Contrarily, apart from the viruses with epidemic potential (SARS-CoV, influenza, RSV) combinations of all other possible pathogens in a patient were not associated with longer hospitalization, more frequent oxygen demand (features that seem to be important for RTIs), or increased values of inflammatory markers of the affected children compared to children or adolescents with a detection of only one of the combination’s pathogens. Hence, we did not find any unfavorable severity features among patients with simultaneous colonization/infection with these pathogens at the same time.
The number of different combinations of pathogens in multiplex PCR can be calculated based on the binomial coefficient n over k, where n is the number of pathogens detectable in the test and k is the number of truly positive findings in one patient. According to these calculations, the simultaneous detection of two different pathogens from our multiplex PCR can lead to 190 different combination, and the detection of three different pathogens can lead to 1140, meaning the rate of single-bedroom isolation of patients with more than one pathogen will be close to 100%. It is obvious that the availability of a single bed for every patient in seasons with a high incidence of respiratory infections is barely impossible.
In contrast, a longer hospital stay was observed in children with negative PCR tests. A possible explanation seems to be bacterial upper or lower respiratory infections (e.g., streptococcal pharyngitis, pneumococcal, or legionella pneumonia), which cannot be detected with our PCR tests and are often associated with a more severe course. Confounding conditions such as the existence of another admission indication (e.g., infection of unknown origin to rule out a respiratory infection, patients with underlying diseases who receive screening PCR) and the conducting of PCR in inpatients with a long hospital stay like premature babies as a part of hygiene-based screening in order to prevent nosocomial outbreaks could also be a reason for the longer hospital stay of inpatients with negative PCR results. Finally, the uncertainty of healthcare professionals who treat children with negative PCR tests could lead to a longer hospital stay for further diagnostics, since these patients often have no established diagnosis.
Moreover, it should be highlighted that the presence of comorbidities, especially chronic lung diseases such as bronchopulmonary dysplasia (BPD) or bronchial asthma, appears to be a risk factor associated with more severe outcomes of RTIs [28]. Since the existence of oxygen demand has been significantly associated with longer hospital stays, oxygen supply could be used as a severity predictor of inpatient stay, because a longer average stay duration is observed in such patients.

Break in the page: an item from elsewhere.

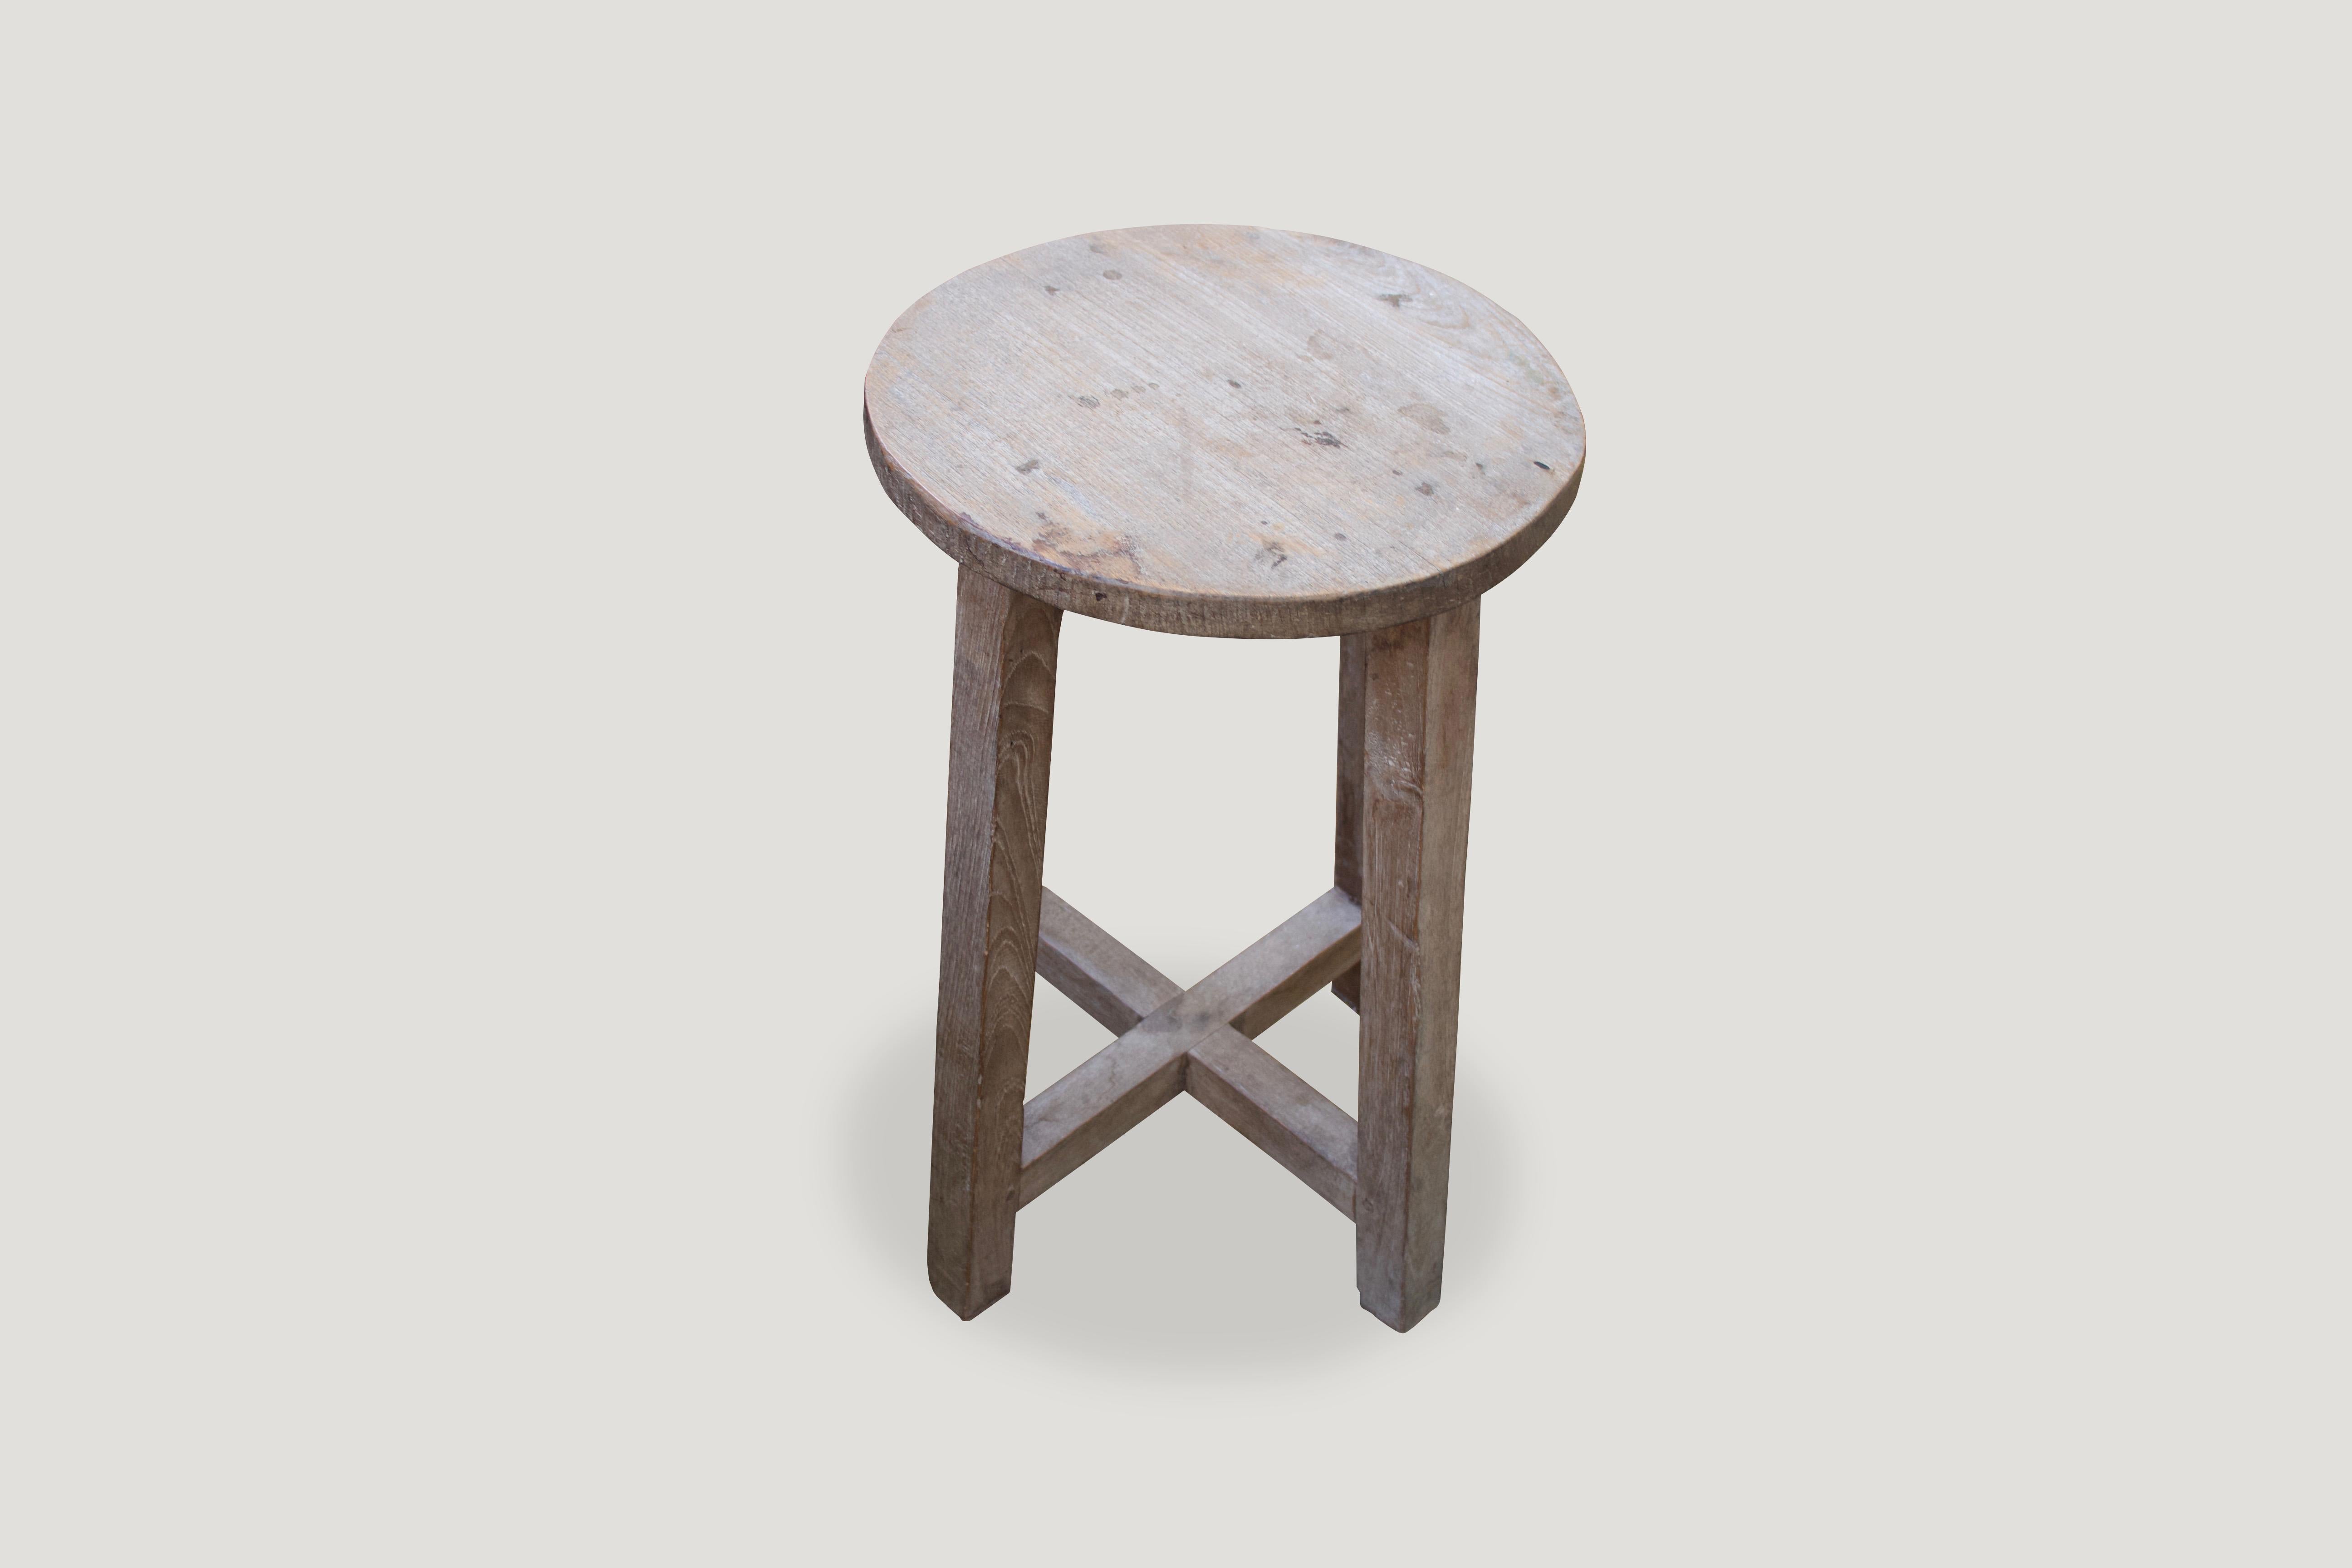 Antique wabi-sabi stool made from teak wood.

This stool was sourced in the spirit of wabi-sabi, a Japanese philosophy that beauty can be found in imperfection and impermanence. It’s a beauty of things modest and humble. It’s a beauty of things

Thus, isolation measures in this group could be meaningful, as co-infection may be associated with more severe clinical consequences.
The different control periods of each parameter and the application of two PCR tests with different detection spectra could be referred to as a limitation of this study. The group of children with comorbidities consisted of cases with heterogeneous chronic disorders, and there were no patients with oncological or cardiac diseases, as our children’s hospital does not treat these patients on a regular basis. Furthermore, potential biases in testing frequency (as the viruses detected via quadruple PCR can be more frequently observed) or in the severity course and the treatment of different pathogen groups (since the swab result is known to the healthcare professionals) could also have occurred.
All information was collected after the discharge of the patients so that their treatment strategies could be completely independent of our retrospective analysis.
Preventive measures can play a very important role in the control of RTIs when they are applied on time [29]. Well-known and studied measures, such as proper handwashing or wearing of a face mask, have been reported to provide a more advantageous effect in reducing or avoiding cross-infection in hospitals [29,30]. It is obvious that more studies on RTIs in childhood need to be conducted to gather knowledge and experience.

5. Conclusions

As every clinical outcome can be based on the effective organization and administration of the health care unit, it seems to be important to acquire accurate epidemiological and severity indexes to efficiently manage every case of hospital overwhelm [31].
As the detection of more than one virus (or bacteria), excluding RSV, influenza virus, and SARS-CoV-2, has not been shown to be associated with a worsened outcome in our pediatric wards, it can be suggested that strict patient isolation is not necessary for every single pathogen. This is an important result of this study, especially in periods of seasonal RTI when pediatric hospitals are overwhelmed and single rooms are scarce [32,33]. However, strict patient isolation could be useful in children with potentially more severe outcomes due to existing comorbidities and in viruses with a high epidemic potential (RSV, influenza virus, and SARS-CoV-2).

Author Contributions

Conceptualization, P.S. and T.R.; methodology, P.S.; software, P.S.; validation P.S., T.B. and T.R., formal analysis, P.S.; investigation, P.S.; resources, P.S.; data curation, P.S.; writing—original draft preparation, P.S. and H.W. writing—review and editing, P.S.; supervision, T.B. and T.R.; project administration, P.S. All authors have read and agreed to the published version of the manuscript.

Funding

The authors declare that no funds, grants, or other support was received during the preparation of this manuscript.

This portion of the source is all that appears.